Editorial note: Having covered many of the Motown ‘greats’ on Toppermost, it was evident that one of the gaps that most needed filling was the wonderful Velvelettes. Fortunately, one of their biggest fans is Steve Devereux who has run the fab Motown Junkies site since 2009, and the above post, which you have hopefully just enjoyed reading, is abridged from Steve’s writings on the Velvelettes on his highly recommended website.

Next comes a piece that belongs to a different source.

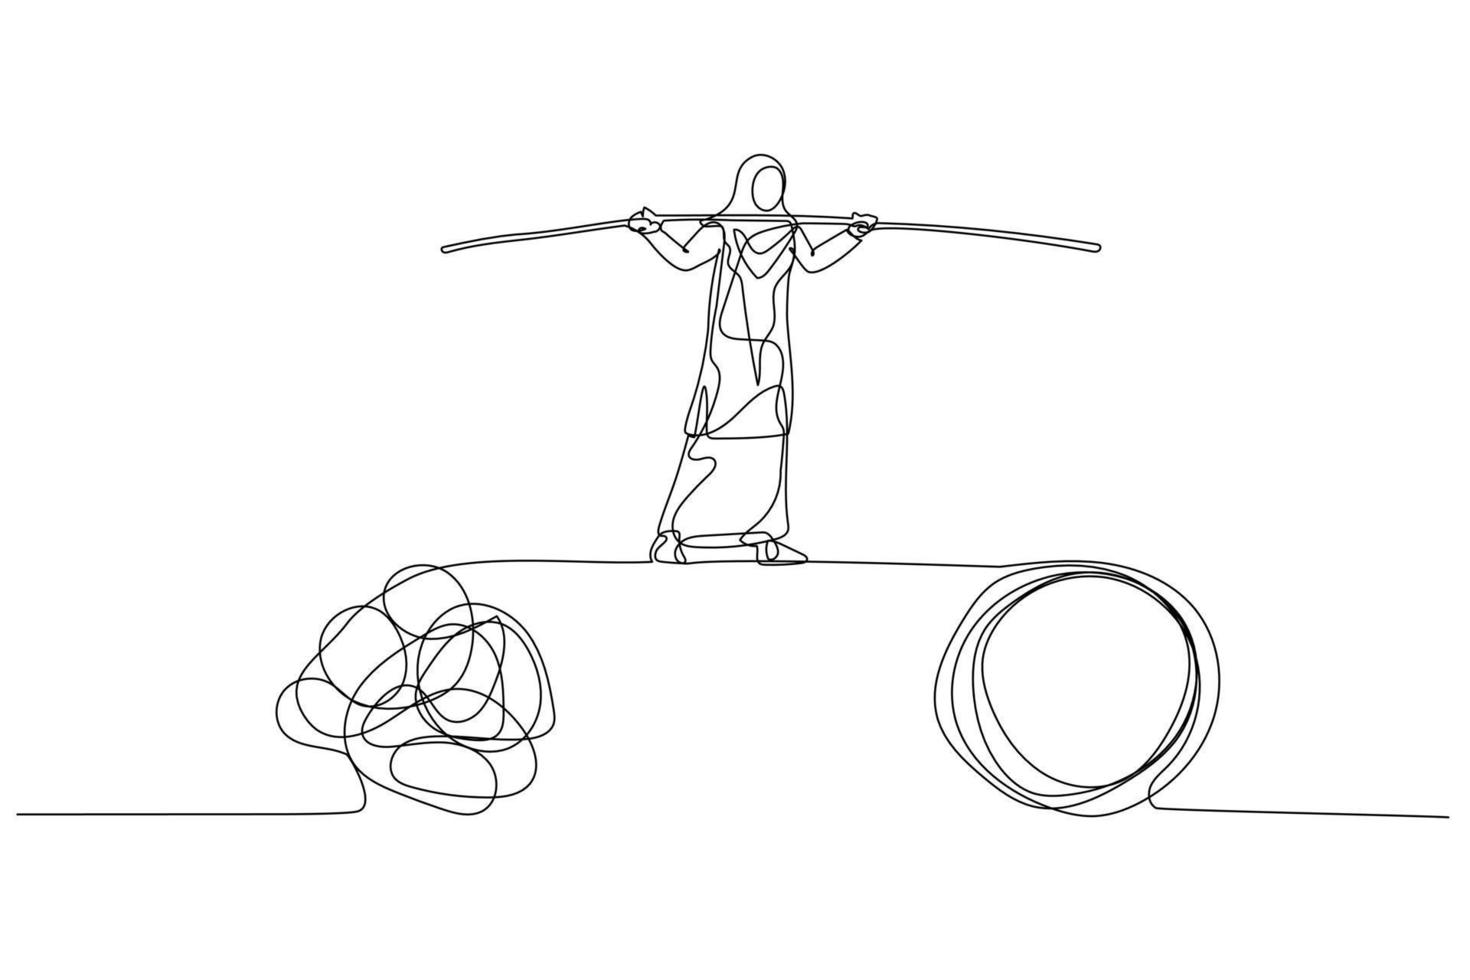 caricatura de una mujer musulmana caminando sobre la cuerda floja equilibrando el problema. estilo de arte de una sola línea vector

Find the full reviews of each of these 10 records by the Velvelettes at the Motown Junkies website: There He Goes, That’s The Reason Why, Needle In A Haystack, Should I Tell Them, He Was Really Sayin’ Somethin’, Throw A Farewell Kiss, Lonely Lonely Girl Am I, I’m The Exception To The Rule, A Bird In The Hand, Since You’ve Been Loving Me

 

The Velvelettes (Wikipedia)

The Velvelettes at the Motown Museum website

The Velvelettes biography (AllMusic)

TopperPost #1,032

3 Comments

  1. David Lewis
    Jul 17, 2022

    At some point an ‘alternative’ history of Motown should be done. One that doesn’t focus on The Miracles, The Temptations, Diana Ross, Stevie, Marvin and the ones that have been done to death, but on these groups. This Toppermost shows exactly how it should be done. Magnificent group.

  2. Cal Taylor
    Jul 18, 2022

    Steve, congratulations – that’s a wonderful, well informed, well written Toppermost on The Velvelettes. (And thank you for introducing a new word to me, ‘nixed’.)
    I bought their four Stateside and Tamla Motown releases in the mid-1960’s and, it is true, The Velvelettes were a vastly underrated group.
    As with so many ‘if only’ artists, the mind boggles at ‘what might have been’ had The Velvelettes got better promotion and/or enjoyed better luck. Since WWII (when records became really popular) music history is littered with an infinite number of such examples. Motown were not the only guilty party with their recording artists and we must always be grateful for what they did do, not what they did not do – even though that did not benefit The Velvelettes much.
    Perhaps, the signs were there from the very beginning…….when they were recommended to audition at Motown by one of Berry Gordy’s relations, the young girls talked one of their fathers into driving 140 miles from Kalamazoo to Detroit in inclement weather to the audition only to find Motown did not do auditions on Saturdays!
    There is no doubting that The Velvelettes were a great group and that they were underrated but, personally, I don’t think they top The Marvelettes, who Motown also neglected once The Supremes took off.
    Finally, Steve, good luck with your continuing track by track review of every Motown single. Let’s hope that you are not too old before you finish it because that is a mighty task.

  3. Dave Stephens
    Jul 27, 2022

    Splendido Steve. While you have picked a not unusual theme under the Topper banner; that of taking as your subject an artist(s)who had all the skills/talent/call-it-what-you-like AND made great records but somehow never got the breaks and consequently doesn’t really feature in the annals of popular music, you have produced a document that makes it abundantly clear that these ladies definitely should have made it. You’ve been helped by the fact that the Velvelettes deserve every word of praise that you lavish on them but many thanks for bringing them back to the forefront of my brain (and I did give them a solitary mention, positive of course, in my book, “RocknRoll”),
    I should also take the opportunity to thank you for your highly impressive work for the Motown Junkies site. I was very grateful for it in the generation of my Mable John Toppermost last year. I’d add that a key record within Mable’s Motown work (and you know which one) offered an unexpected view of the work of Andre Williams whose Topper will appear soon.